After seeing this chart, my mouth needed a rinse

The credit for today's headline goes to Andrew Gelman, who said something like that when I presented the following chart at his Statistical Graphics class yesterday:

Fidelityad_consumerstaples_adj_smWith this chart (which appeared in a large ad in the NY Times), Fidelity Investment wants to tell potential customers to move money into the consumer staples category because of "greater return" and "lower risk". You just might wonder what a "consumer staple" is. Toothbrushes, you see.

There are too many issues with the chart to fit into one blog post. My biggest problem concerns the visual trickery used to illustrate "greater" and "lower". The designer wants to focus readers on the two orange brushes: return for consumer staples is higher, and risk is lower, you see.

The "greater" (i.e. right-facing) toothbrush is associated with longer brushes and higher elevation; the "lower" (left-facing) toothbrush, with shorter brushes and lower elevation.

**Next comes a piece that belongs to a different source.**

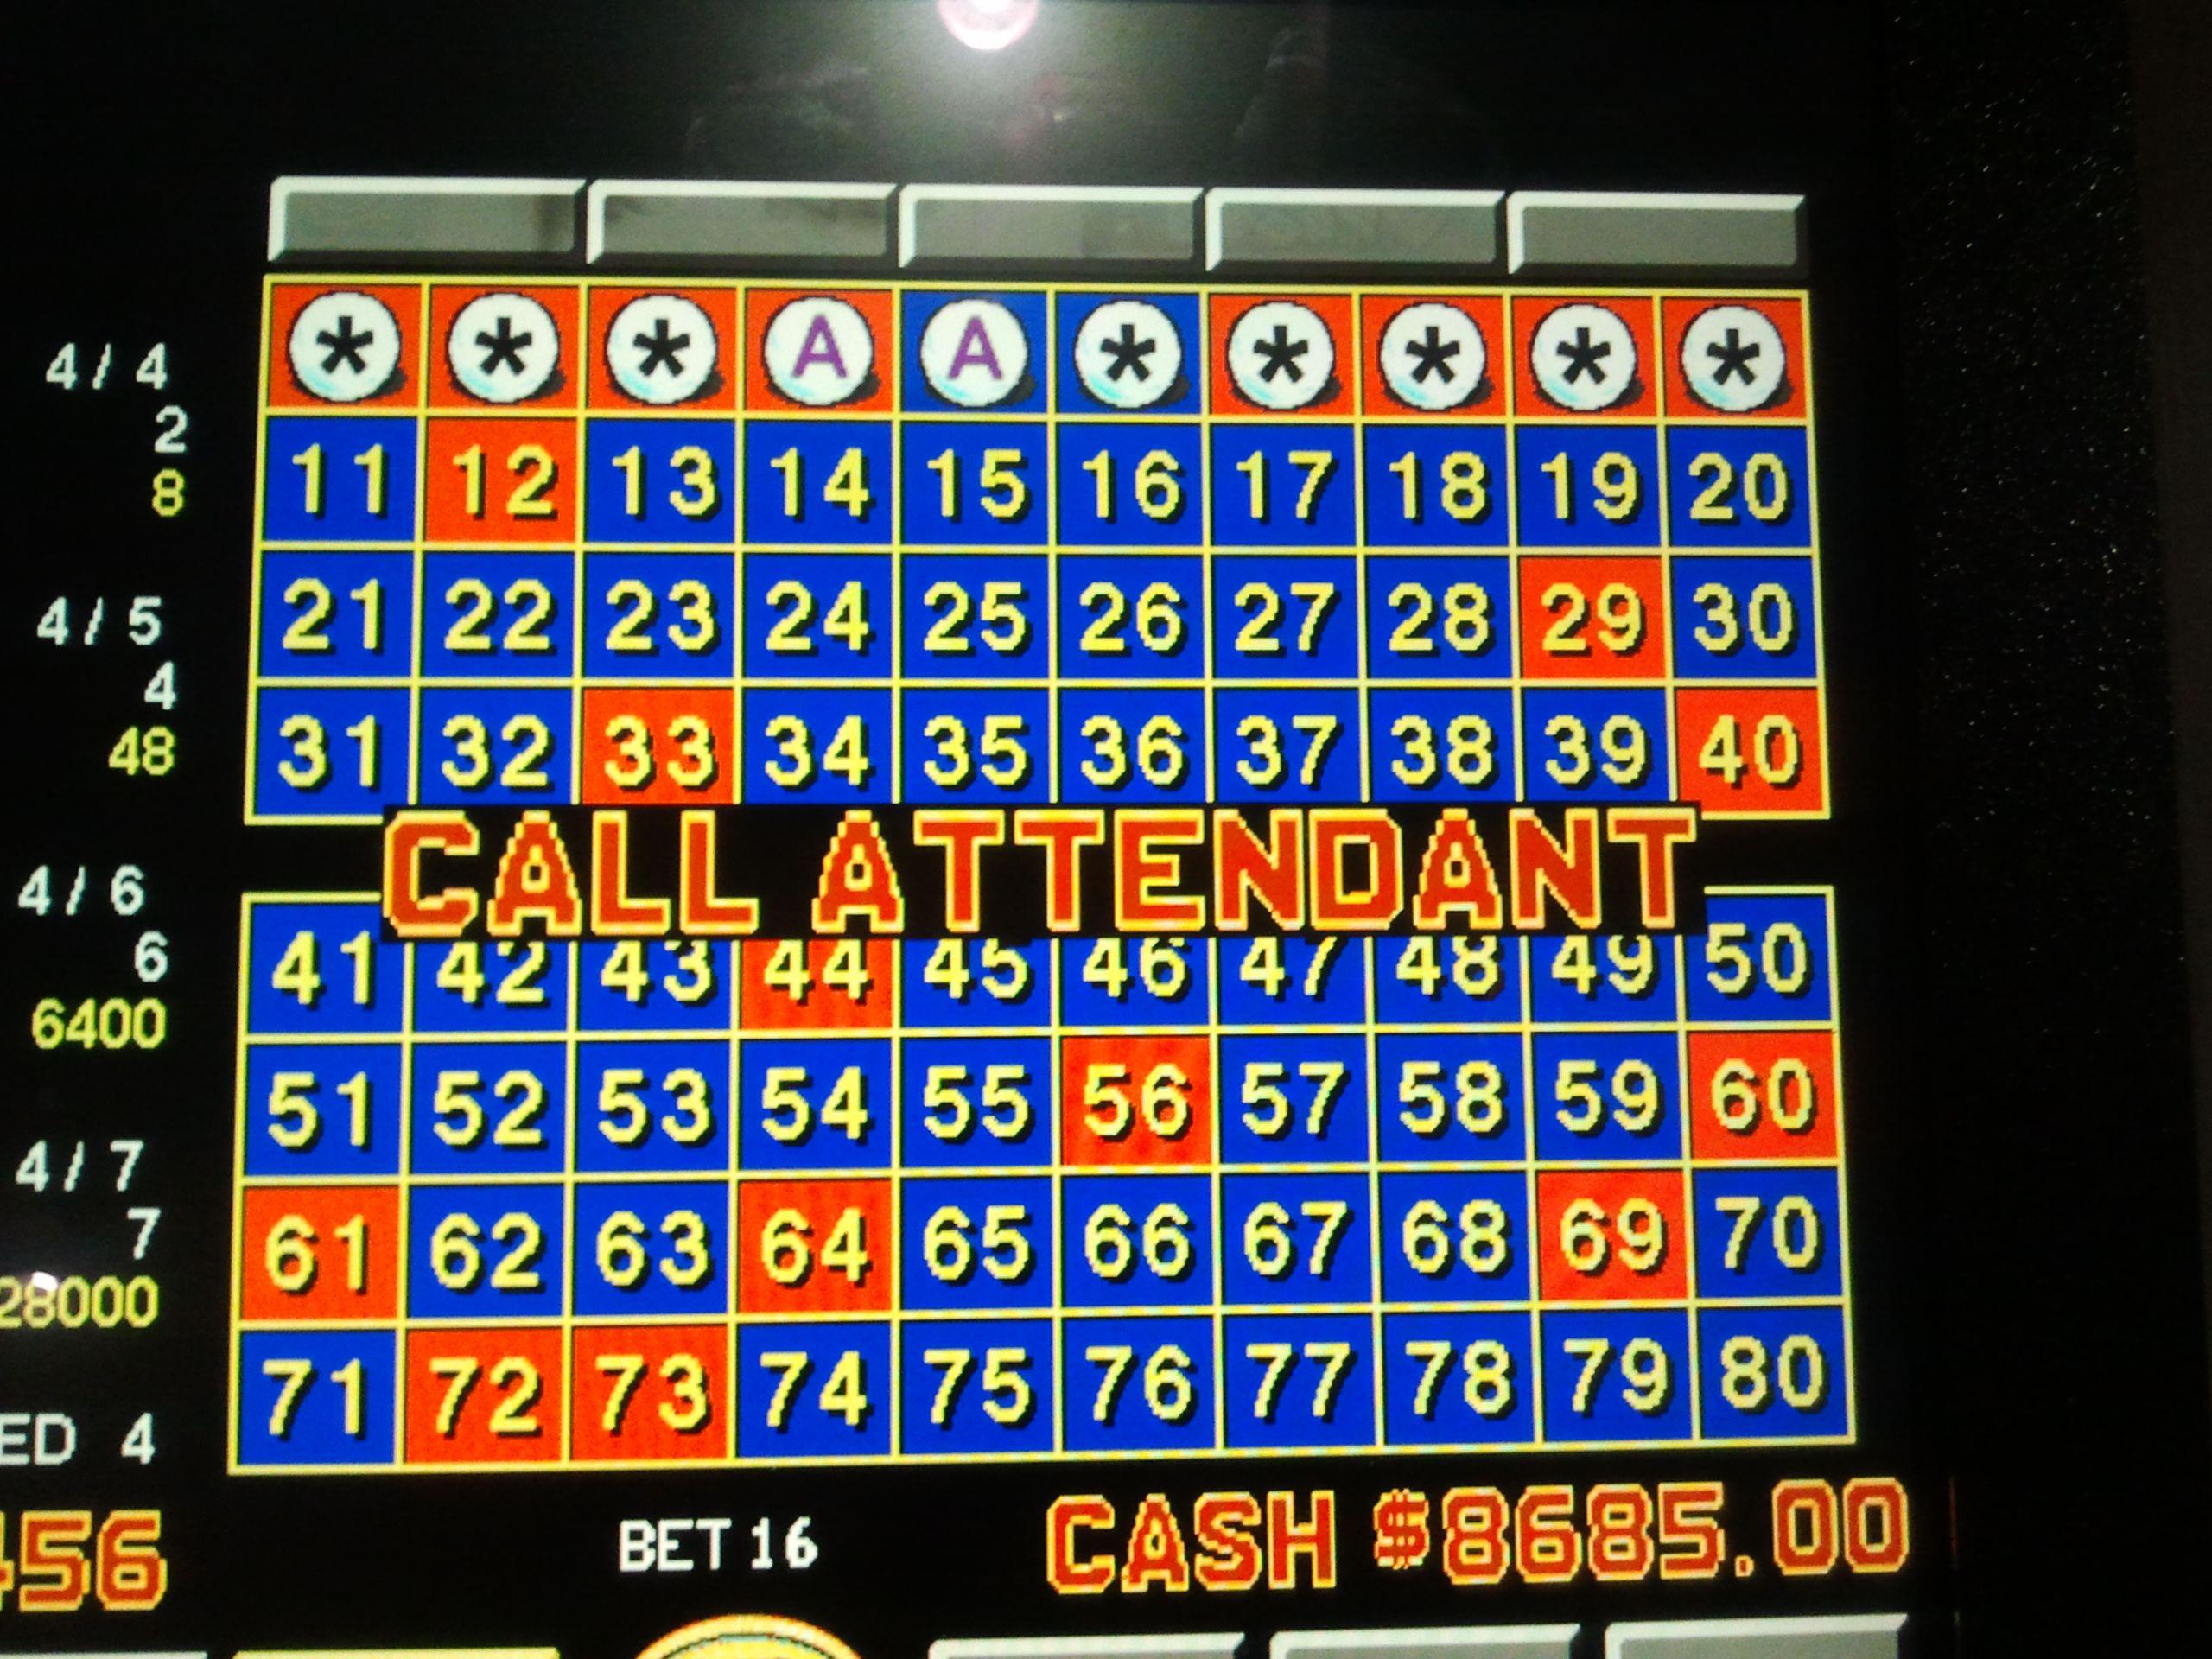 Keno 7 spot for 8k casino jackpot bonus

But looking carefully at the scales reveals that the return ranges from 6% to 14% and the risk ranges from 10% to 25%. So larger numbers are depicted by shorter brushes and lower elevation, exactly the opposite of one's expectation. The orange brushes happen to  represent the same value of 14.3% but the one on the right is at least four times as large as the one on the left. As the dentist says, time to rinse out!

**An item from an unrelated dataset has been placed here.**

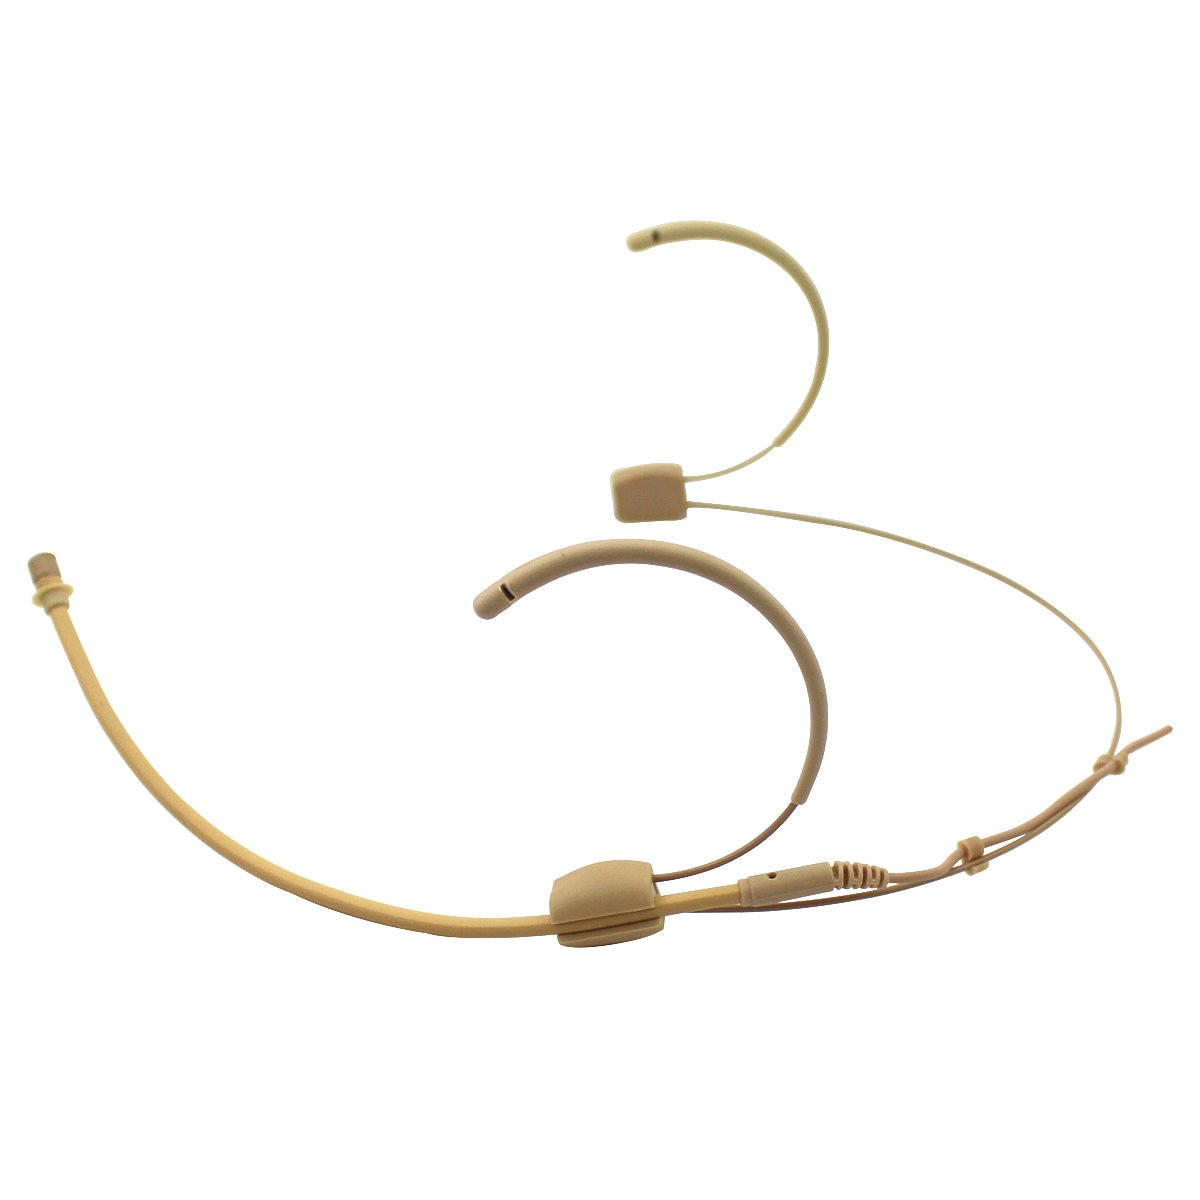 Pro Earhook Headset Headworn Omnidirectional Microphone JK MIC-J 060 Compatible with Shure Wireless Transmitter Mini XLR TA4F Plug

The vertical axis represents ranking of the investment categories in terms of decreasing return and/or risk so on both toothbrushes, the axis should run from 1 to 10.

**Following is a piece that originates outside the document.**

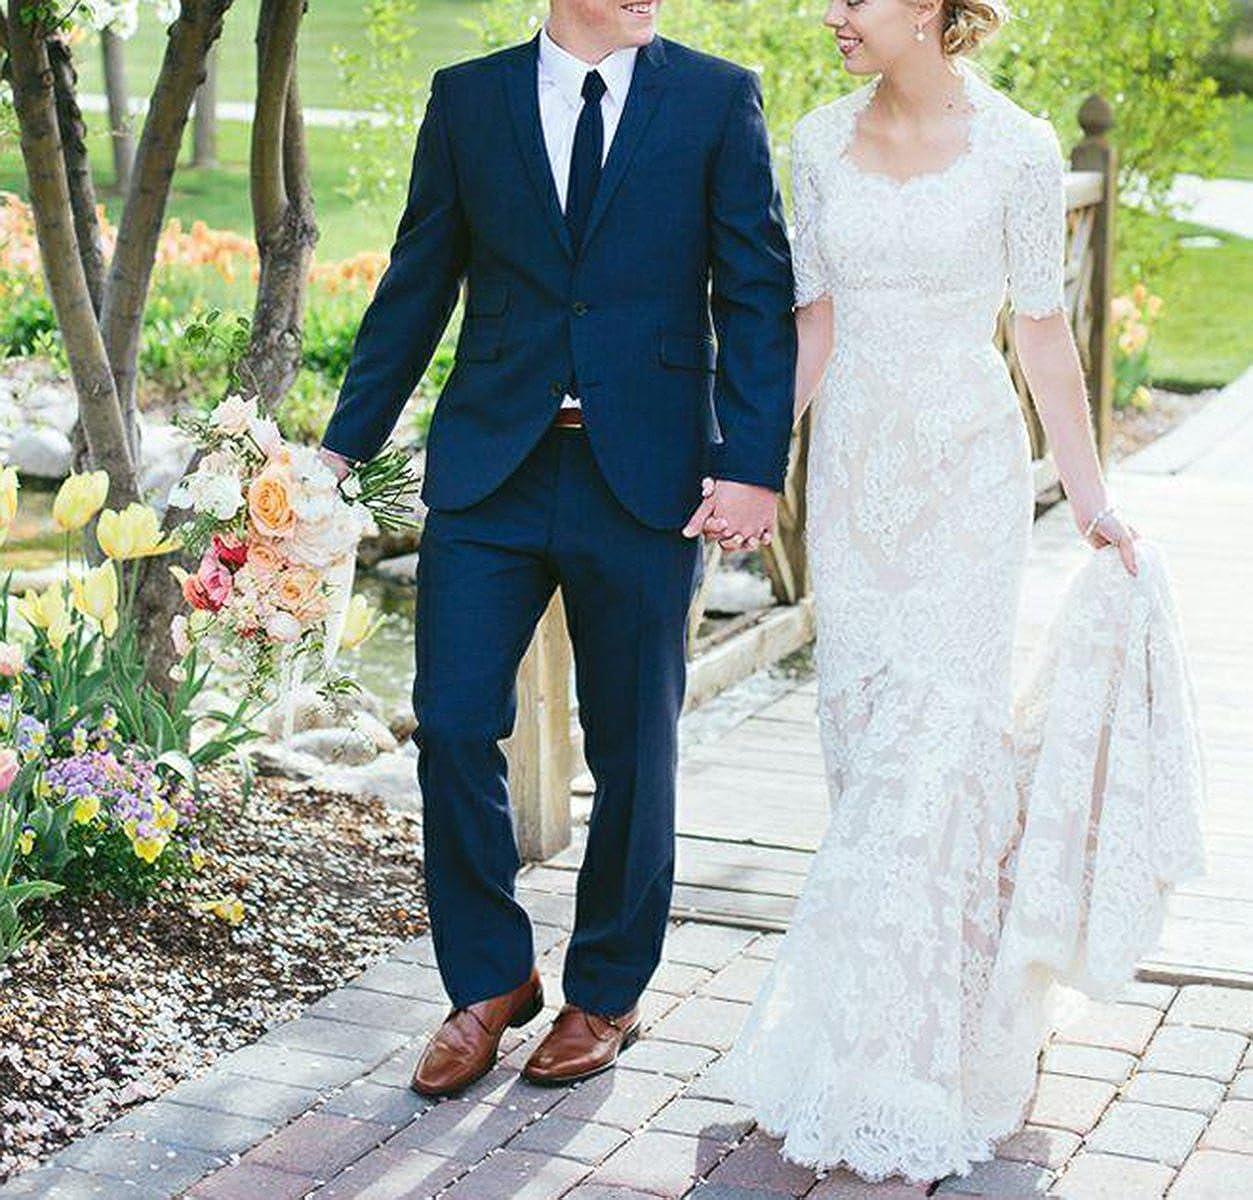 Western Wedding Dresses.Vikdressy Women S Full Lace Sheath Country Western Wedding

How would the dentist fix this?

The first step is to visit the Q corner of the Trifecta Checkup. The purpose of this chart is for investors to realize that (using the chosen metrics) consumer durables have the best combination of risk and return. In finance, risk is measured as the volatility of return. So, in effect, all the investors care about is the probability of getting a certain level of return.

The trouble with any chart that shows both risk and return is that readers have no way of going from the pair of numbers to the probability of getting a certain level of return.

The fix is to plot the probability of returns directly.


In the above sketch, I just assumed a normal probability model, which is incorrect; but it is not hard to substitute this with an empirial distribution, if you obtain the raw data.

Unlike the original chart, it does not appear that consumer staples is a clearcut winner.



Fixing the visual versus fixing the story

It's great for me when my friend Alberto Cairo lent a helping hand (link). Here is the original chart showing deaths in African and Middle East countries due to recent unrest:


This is Cairo's redesign:


There is no doubt the new version brings out the data more clearly. I like the cropping of the continent. I'd color-code the countries using the same legend as above.

I'm troubled by the concept of the original chart. I struggle to find any interesting correlation of deaths, whether with time, with government reaction, or with geography. Of the three, I think geography is the most correlated so a good design should bring that out. (Of course, geographical bias is expected and thus rather boring.)

If the intention of the chart is to answer the question of what factors affect deaths, then the wrong variables are being utilized.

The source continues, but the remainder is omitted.